__Work task__.
For the entries below, copy exactly the line that contains "Happy Birthday To" through the line that contains "People at the", both ends included, and exclude all pictures.

__Data extracts__.
[Start of section]
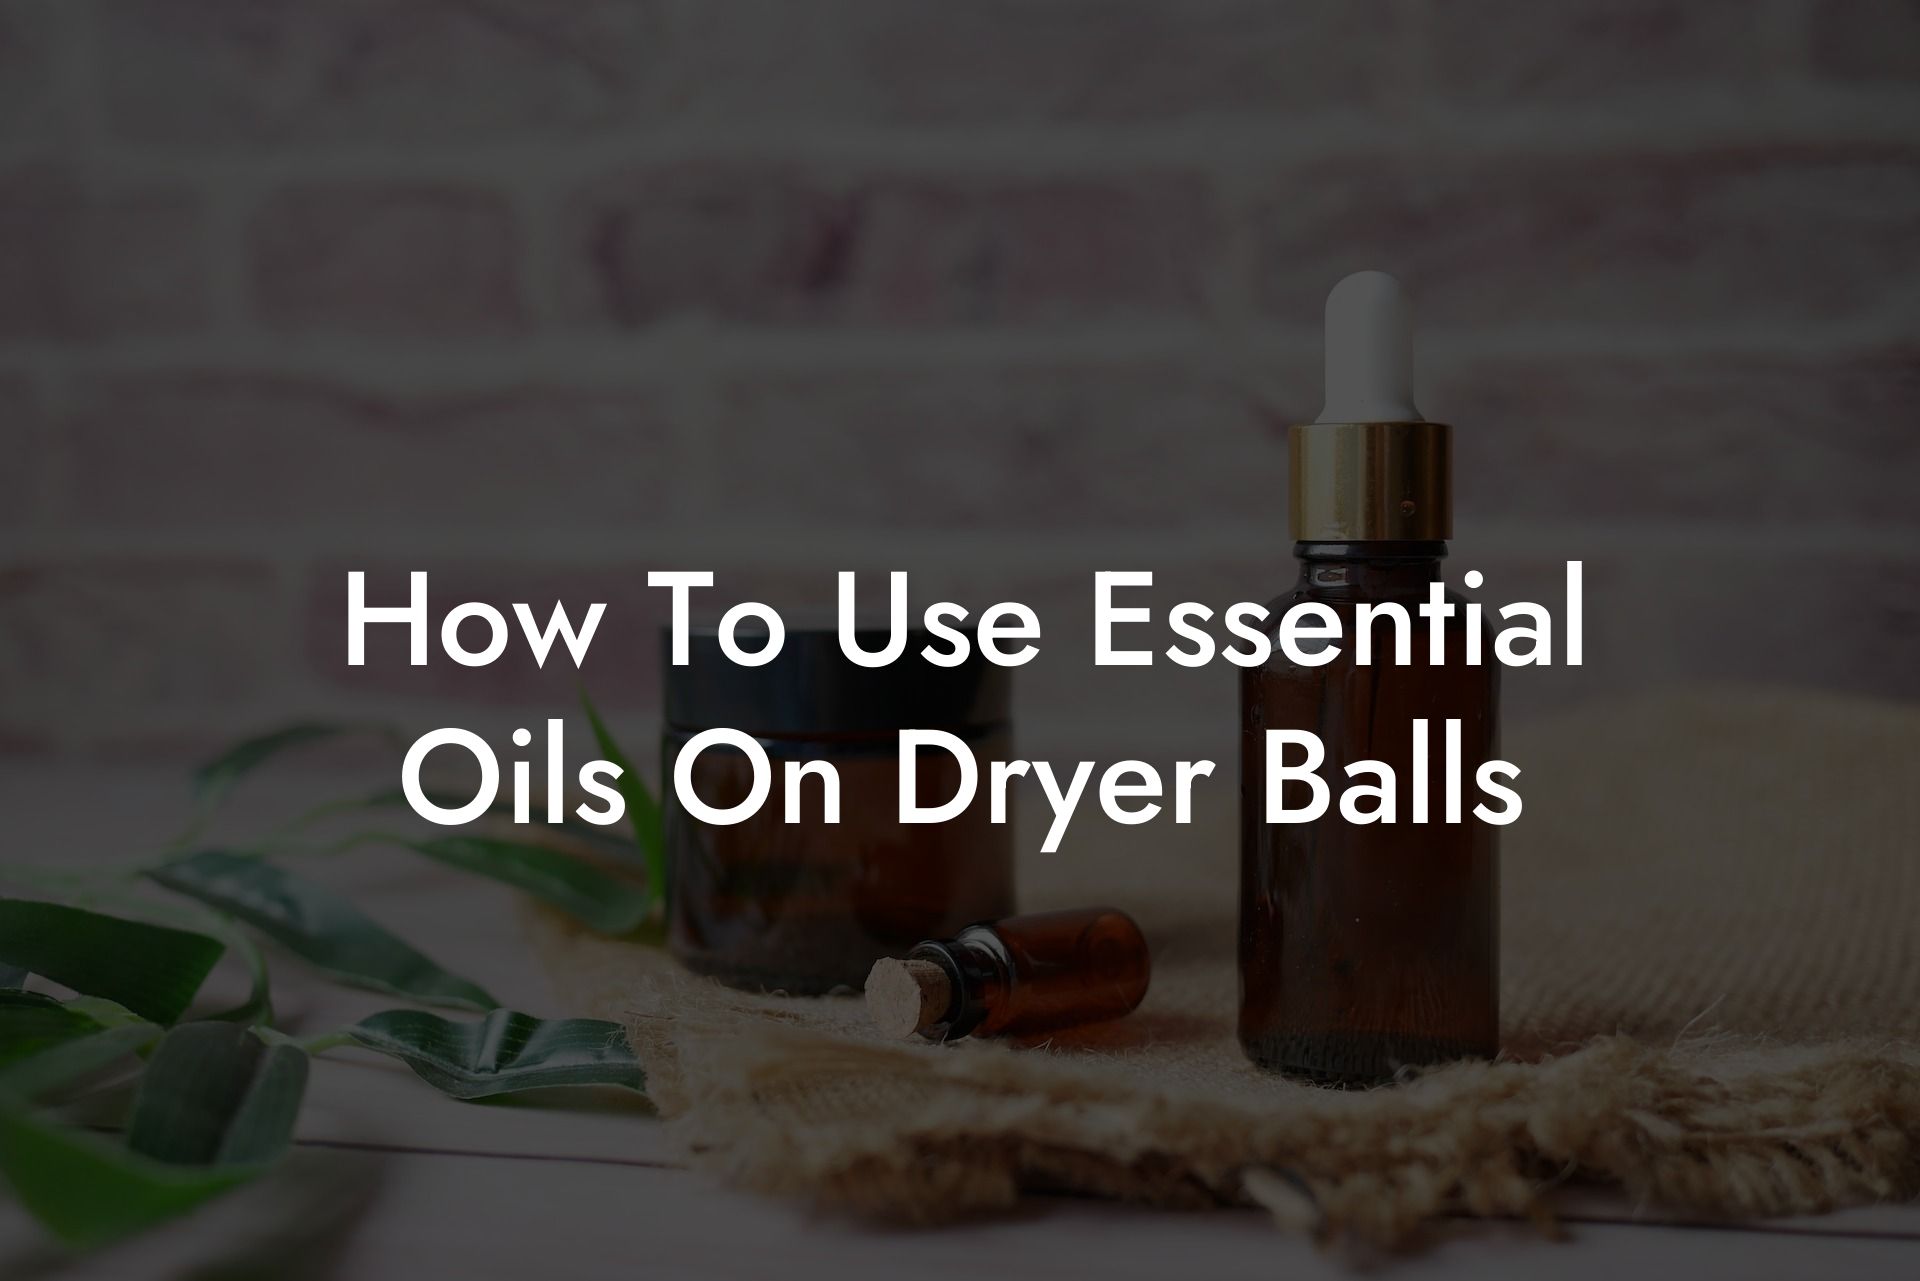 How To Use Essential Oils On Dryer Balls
[End of section]
[Start of section]
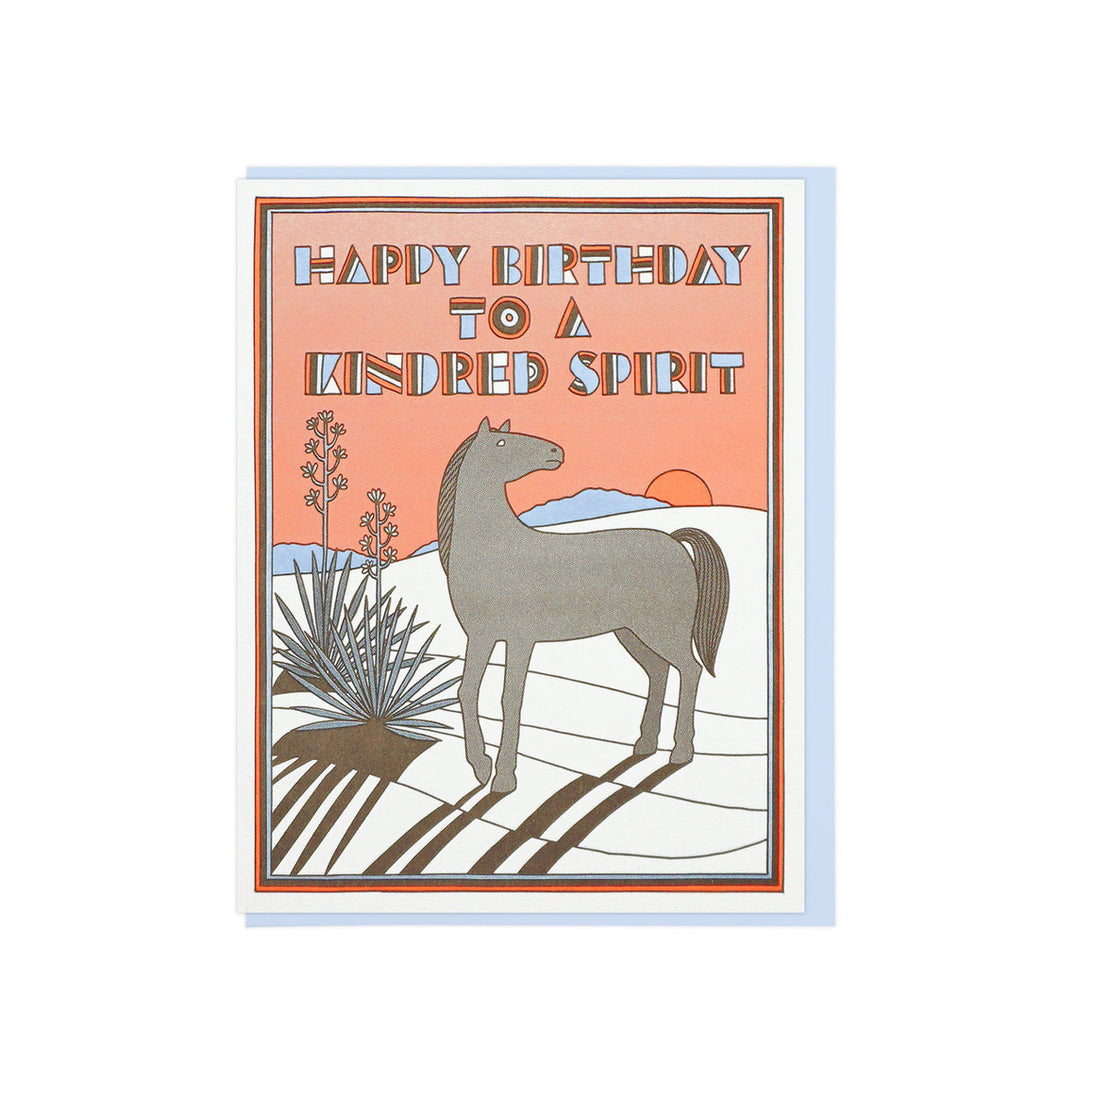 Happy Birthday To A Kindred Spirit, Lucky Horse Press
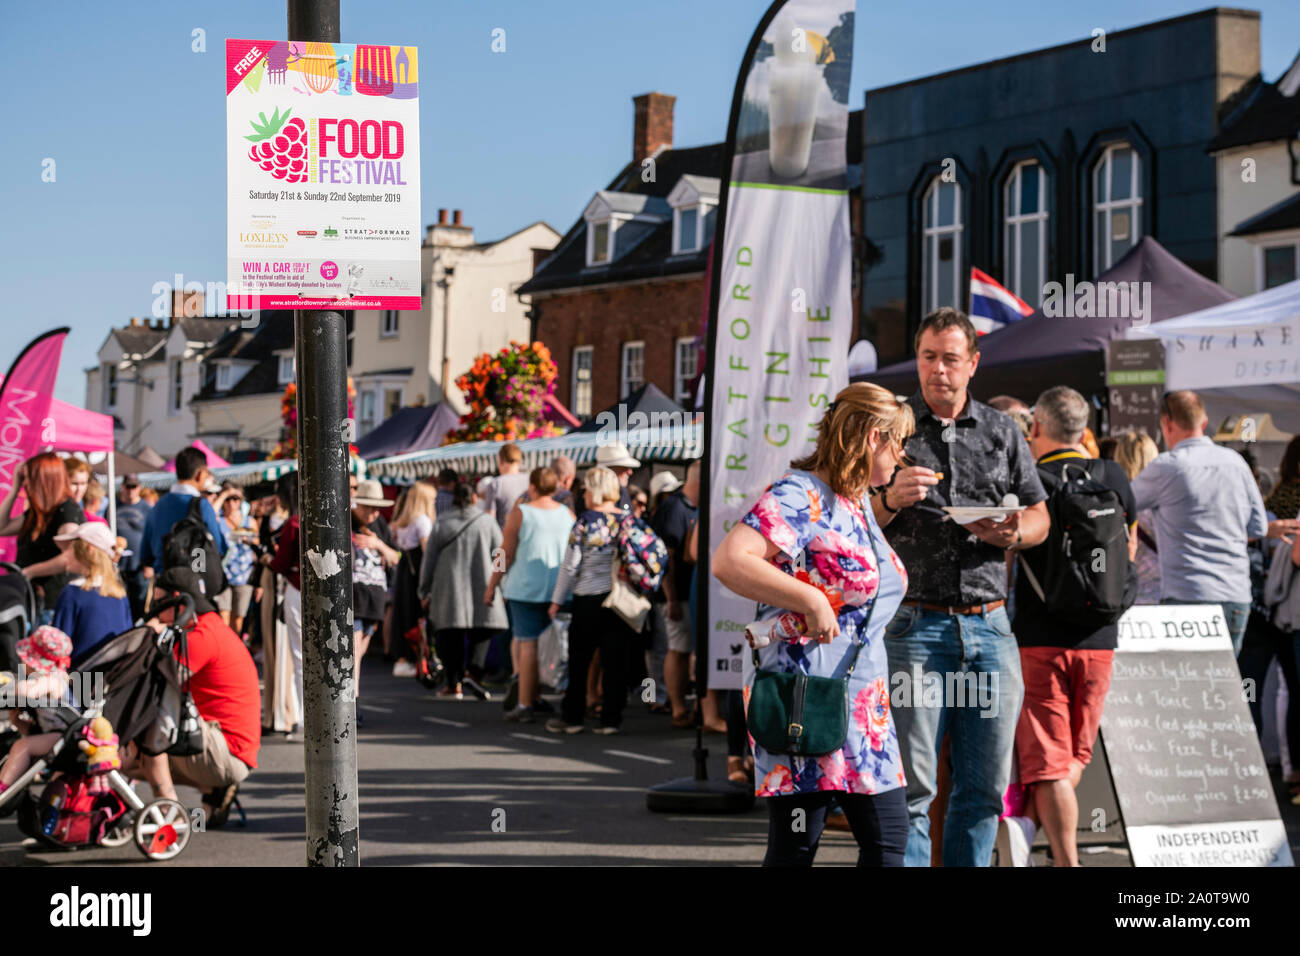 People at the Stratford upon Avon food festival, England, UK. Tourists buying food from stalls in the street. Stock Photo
[End of section]
[Start of section]
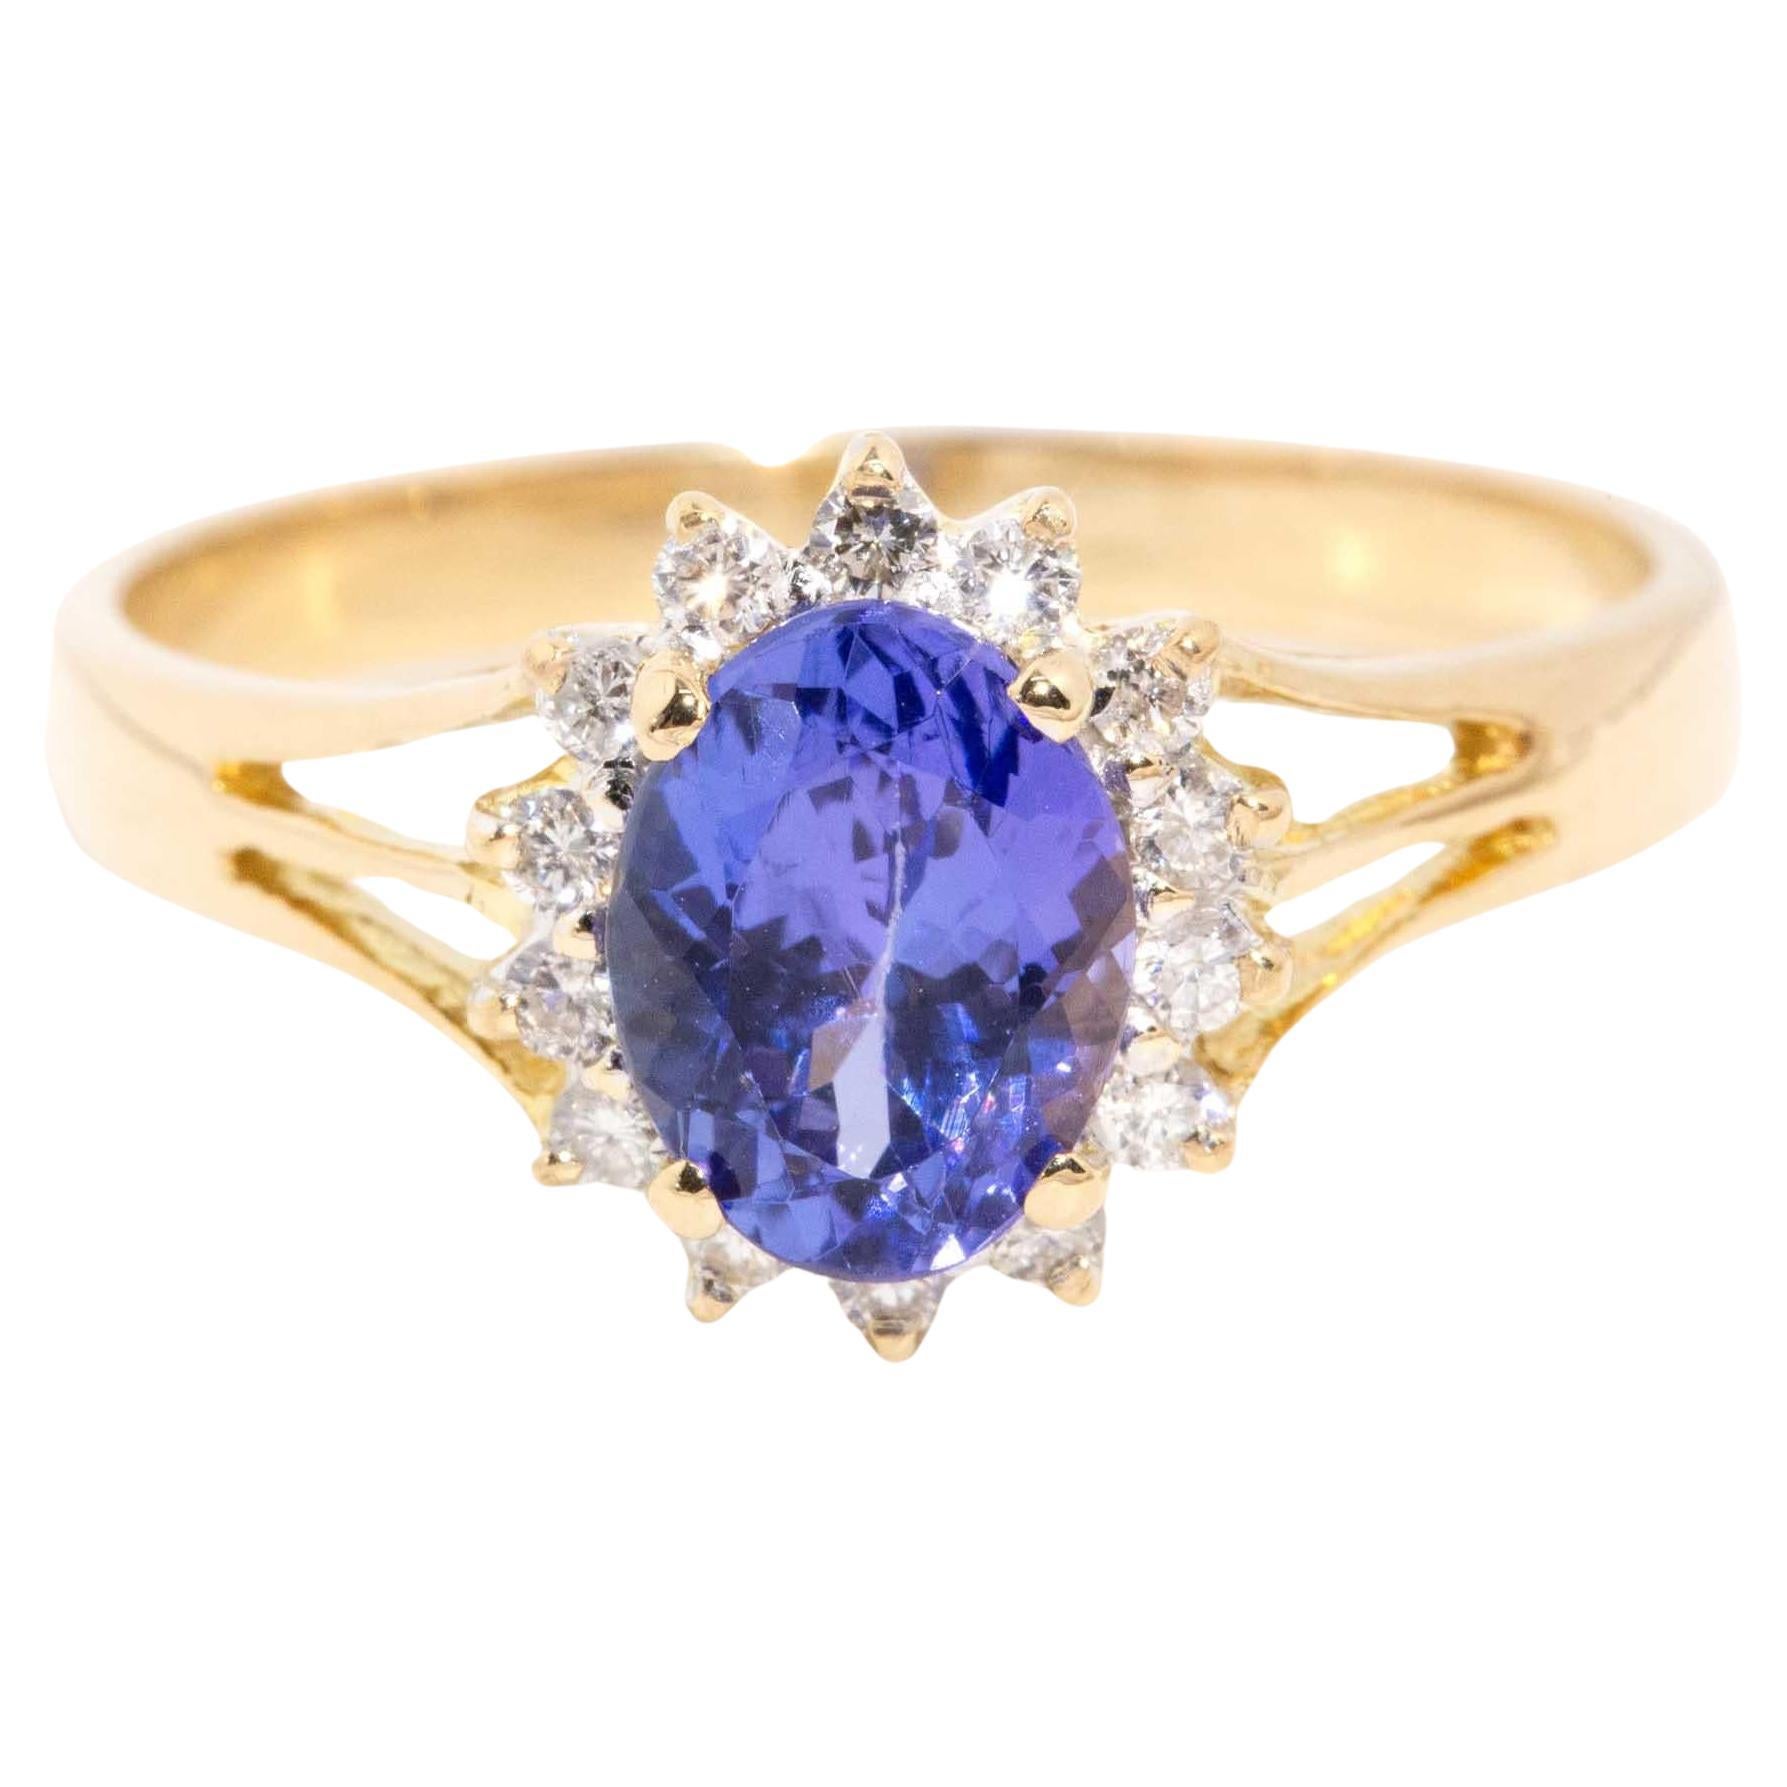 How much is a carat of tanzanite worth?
[End of section]
__Written solution__.
 Happy Birthday To A Kindred Spirit, Lucky Horse Press
 People at the Stratford upon Avon food festival, England, UK. Tourists buying food from stalls in the street. Stock Photo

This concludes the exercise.